Grandma kept on getting sick but battled through time and time again and
I was there to care for her throughout it all even after I finally got a job so
that I had some income. It was a job in
a warehouse on the 2-10pm shift. I had
to leave for work at 12pm and didn’t get home until around 11:30pm at which
time I took care of Grandma so my mother could get some sleep. I had no social life; I merely had work and
my caring duties with Grandma.
I got deeper and deeper in depression and even came to the point where I
began to think about smothering Grandma as she slept to put her out of my
misery. Obviously such thoughts take
their toll on a person’s feelings of self-worth and I began to build up a
reserve of self-hatred that has never left.

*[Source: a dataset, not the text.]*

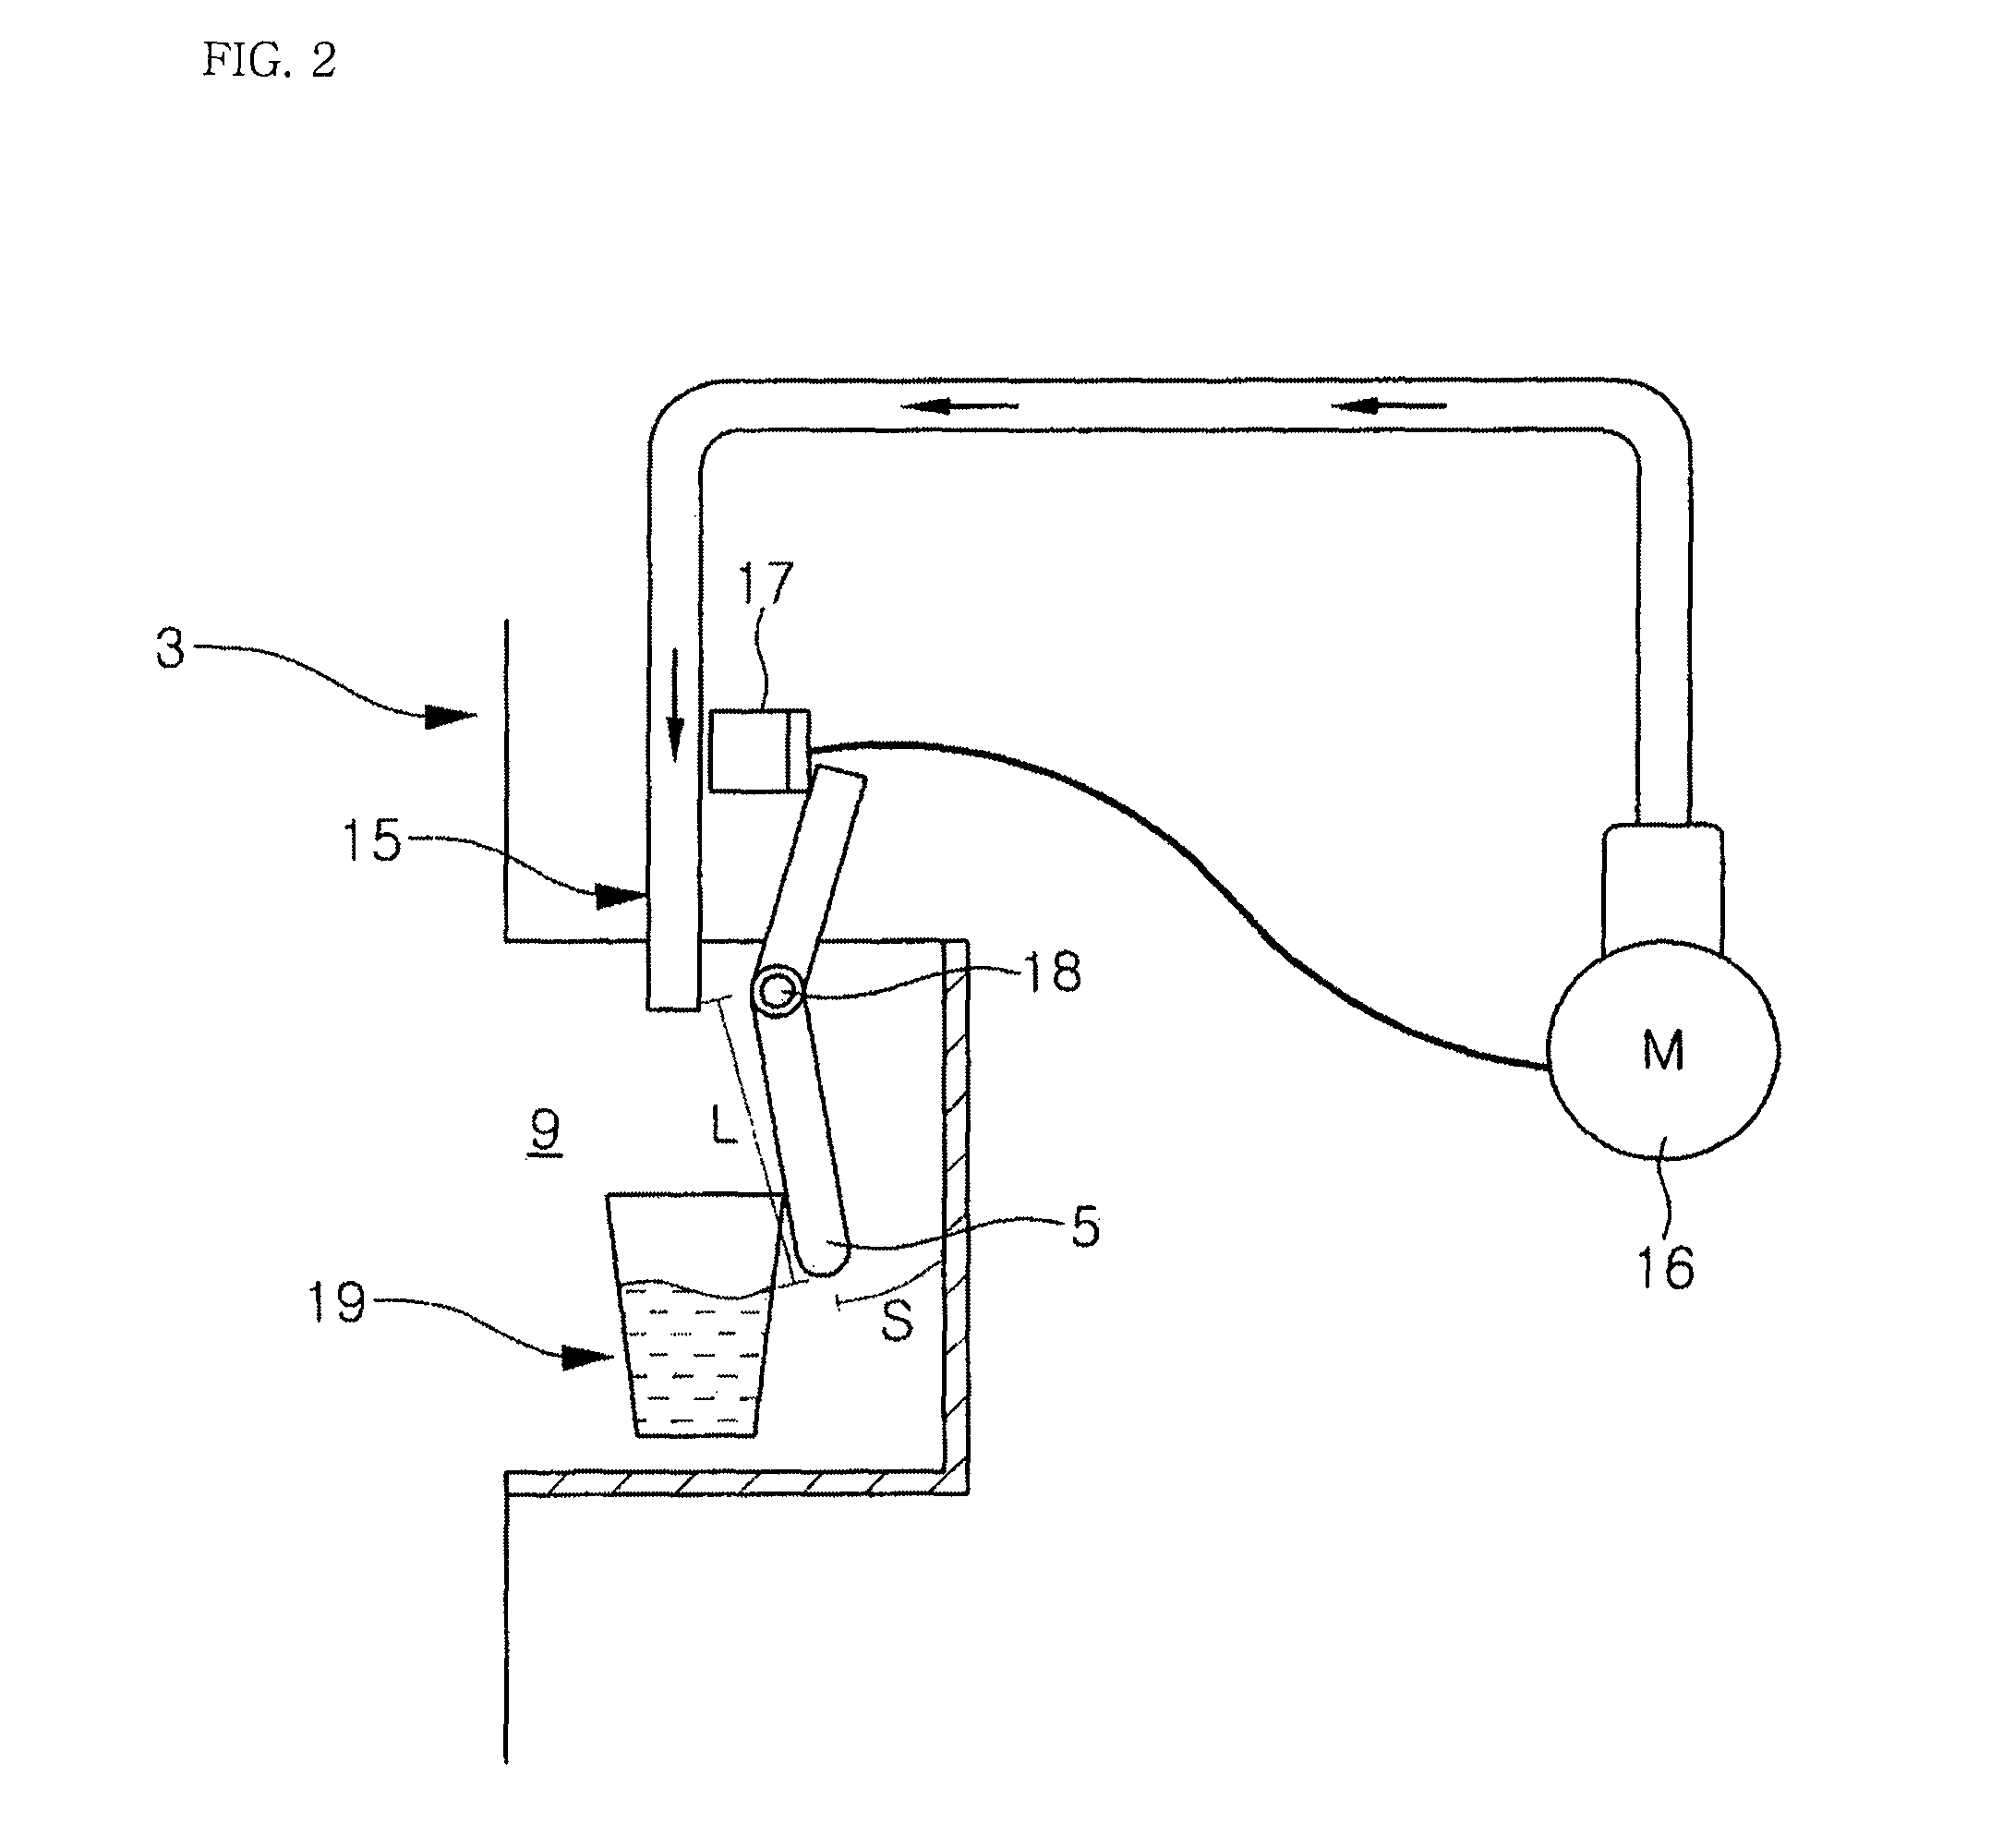 Switching apparatus of dispenser for refrigerator

Despite the weight of responsibility, I could not let my Grandma down
because she was the most important person in my life. I did everything I could to make her feel
cared for and I even promised her that if she ever felt like letting go I would
be there for her so she wouldn’t have to die alone. It’s a promise I never should have made.
Occasionally, we would have some respite when Grandma went into hospital
for a week or two but otherwise it was up to my mother and I to take care of
Grandma’s needs 24 hours a day and neither of us was getting any State financial
assistance. It was during one of these
respite rests for us that Grandma took a turn for the worse. I think she had some kind of chest infection
or pneumonia and it was not looking good.

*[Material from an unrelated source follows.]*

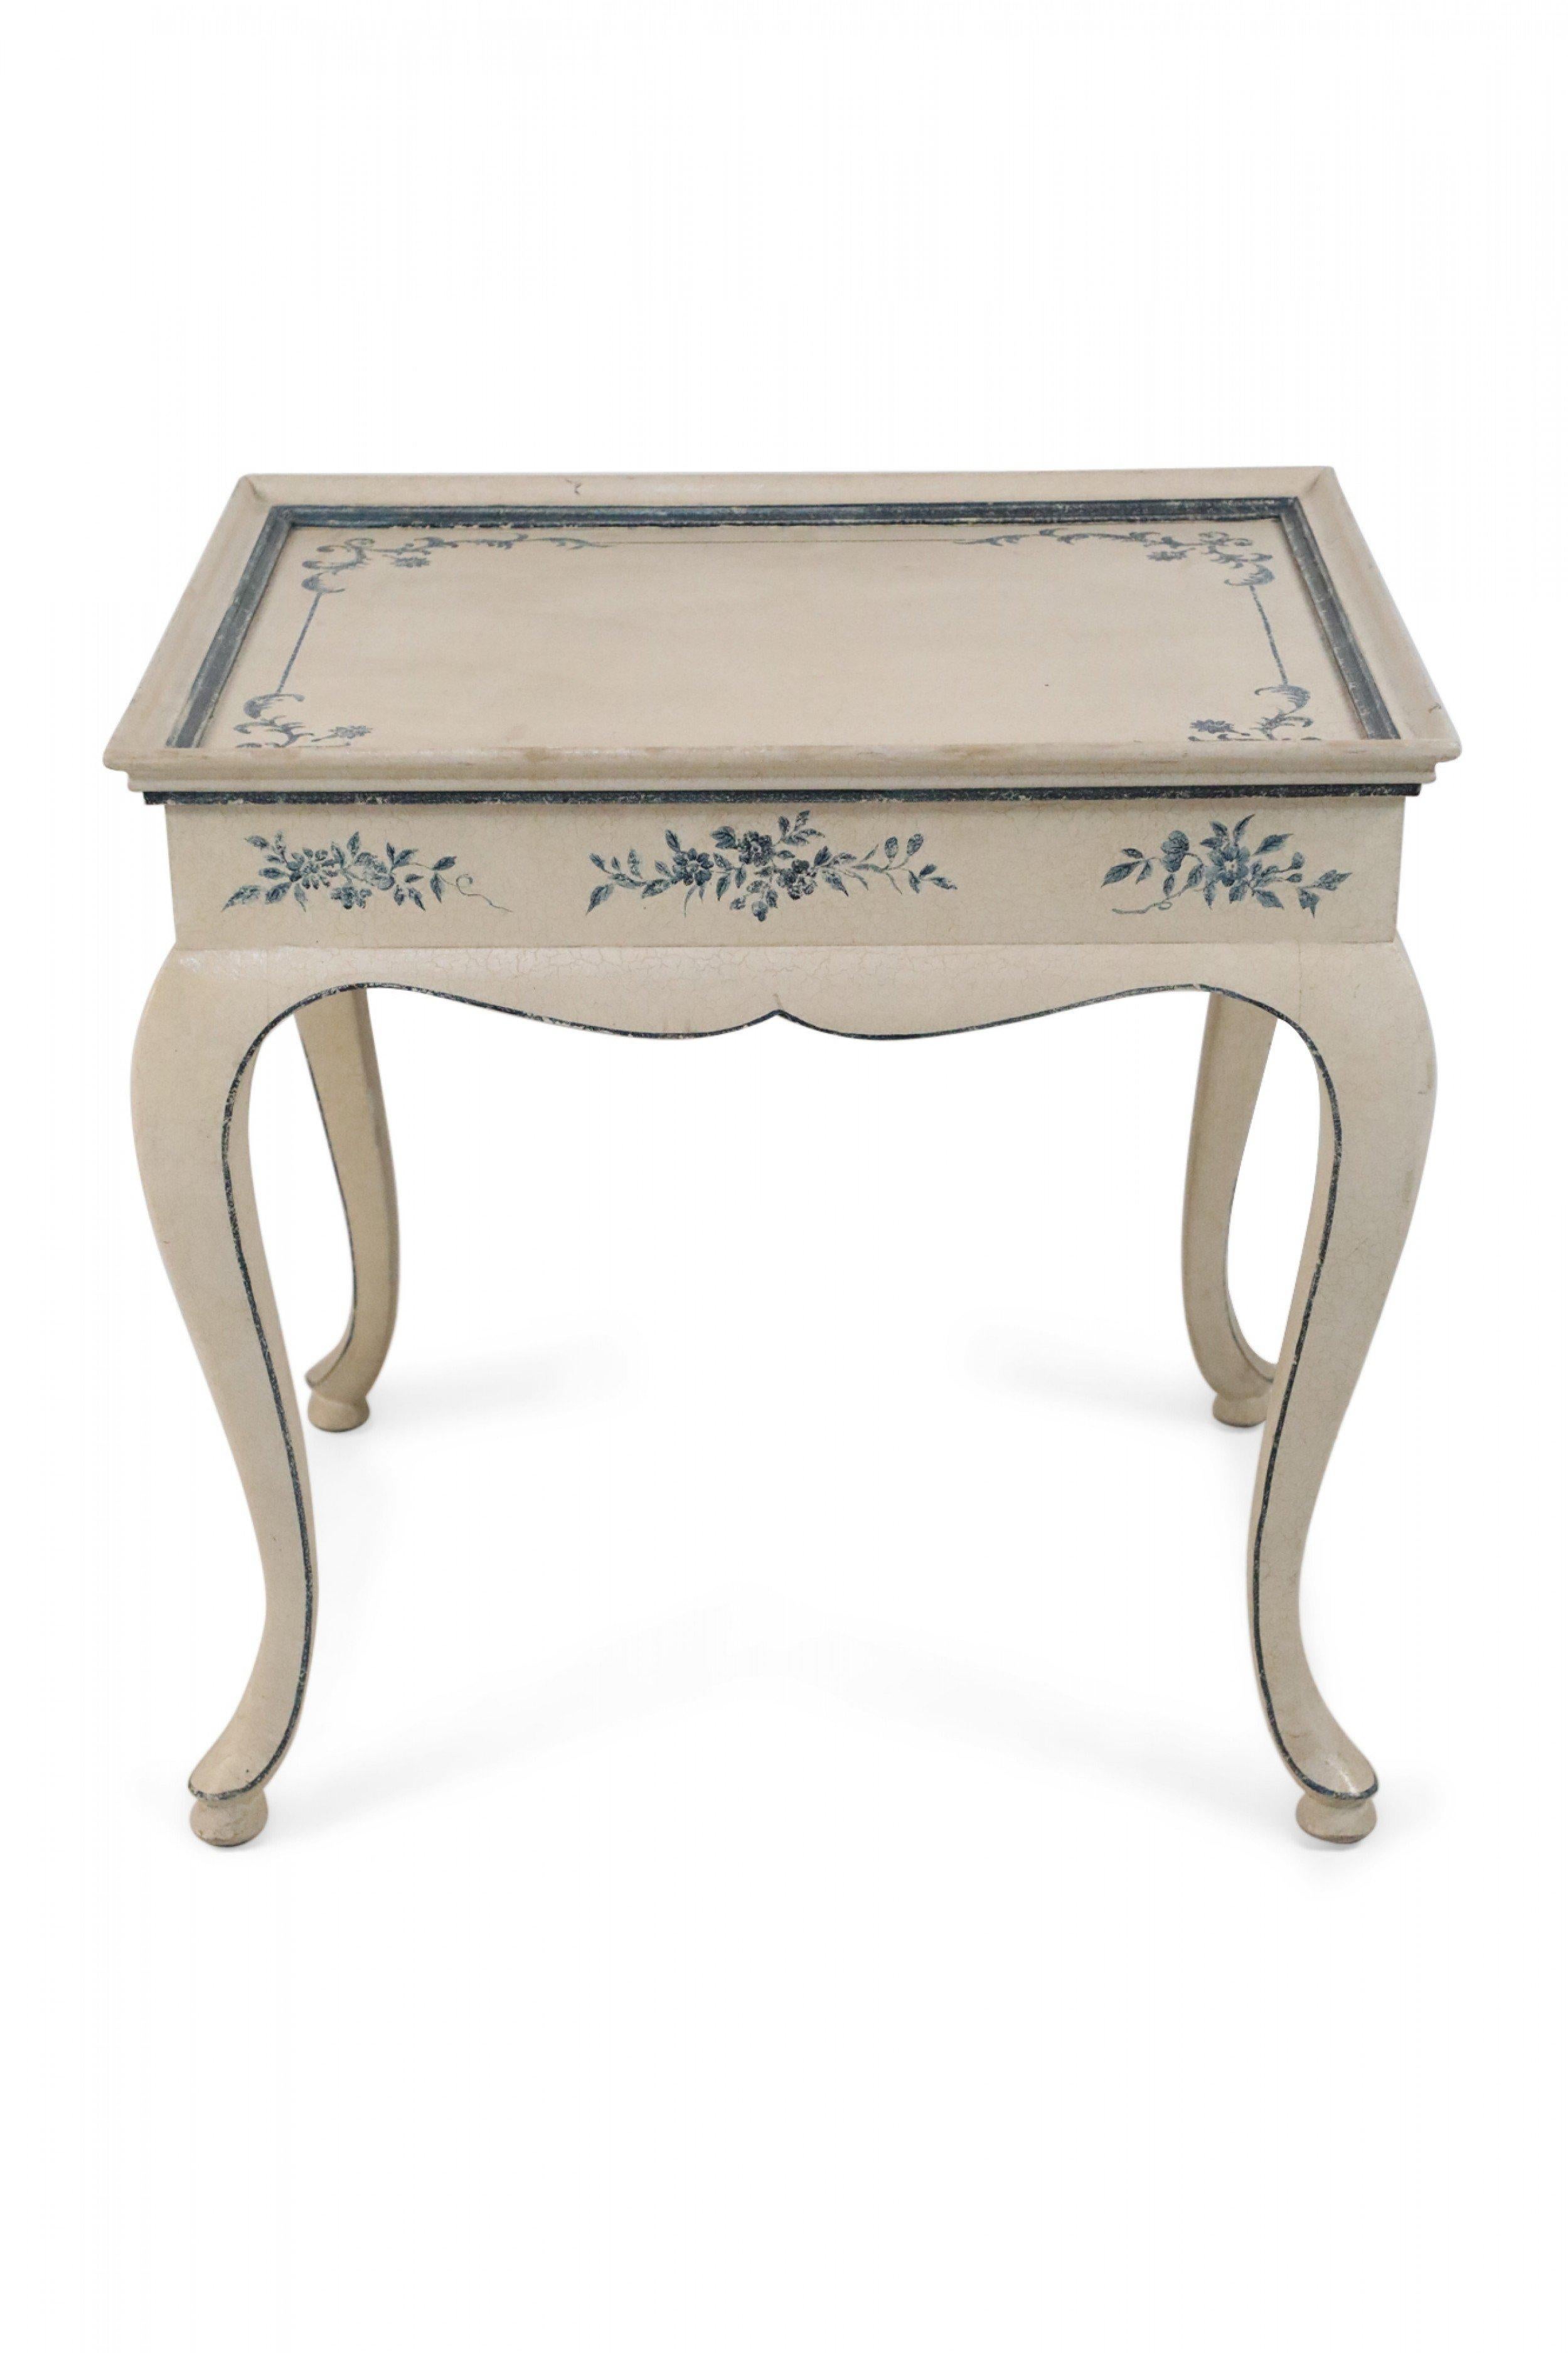 French Provincial Style Cream Wooden Center Table In Good Condition For Sale In New York, NY

I refused to go and see her in the hospital for the first four days of
that week under the stupid excuse that if I went to see her she’d die and if I
stayed away she’d get better and come home.
Finally, on the Friday evening, I gave in and went to see her. She was so frail but she seemed to be really
happy that I had gone to see her. It
seemed as though Grandma had been holding out for me to go and see her. I really thought that she would get better
for me but I also realised that she was very ill so I made her my promise to be
there for her if she decided she couldn’t carry on. We came home when visiting hours were over
with the intention of going back the next day.
In the early hours of Saturday morning, the hospital rang to say that
Grandma was dying and that we should come as quickly as possible. My mother came into my bedroom to wake me up
and, to my eternal shame, I turned over and fell asleep again. She came back in to wake me up again and I
hurriedly got dressed ready for the taxi to take us to the hospital; however,
when we arrived, we were told that Grandma had died shortly before we got
there. If I hadn’t turned over and gone
back to sleep, I would have been by Grandma’s side as she passed away as I had
promised. It was the only promise that I
have ever really given a damn about and I broke it. I have never been able to and will never be
able to forgive myself for breaking that promise. It gave me yet another reason to hate myself
as if I needed any more reasons.
The year was now 1989 and the worst period of my life to that point was
over, unfortunately, I had more crap to come that year that would further my
descent in depression and push me closer to Oblivion.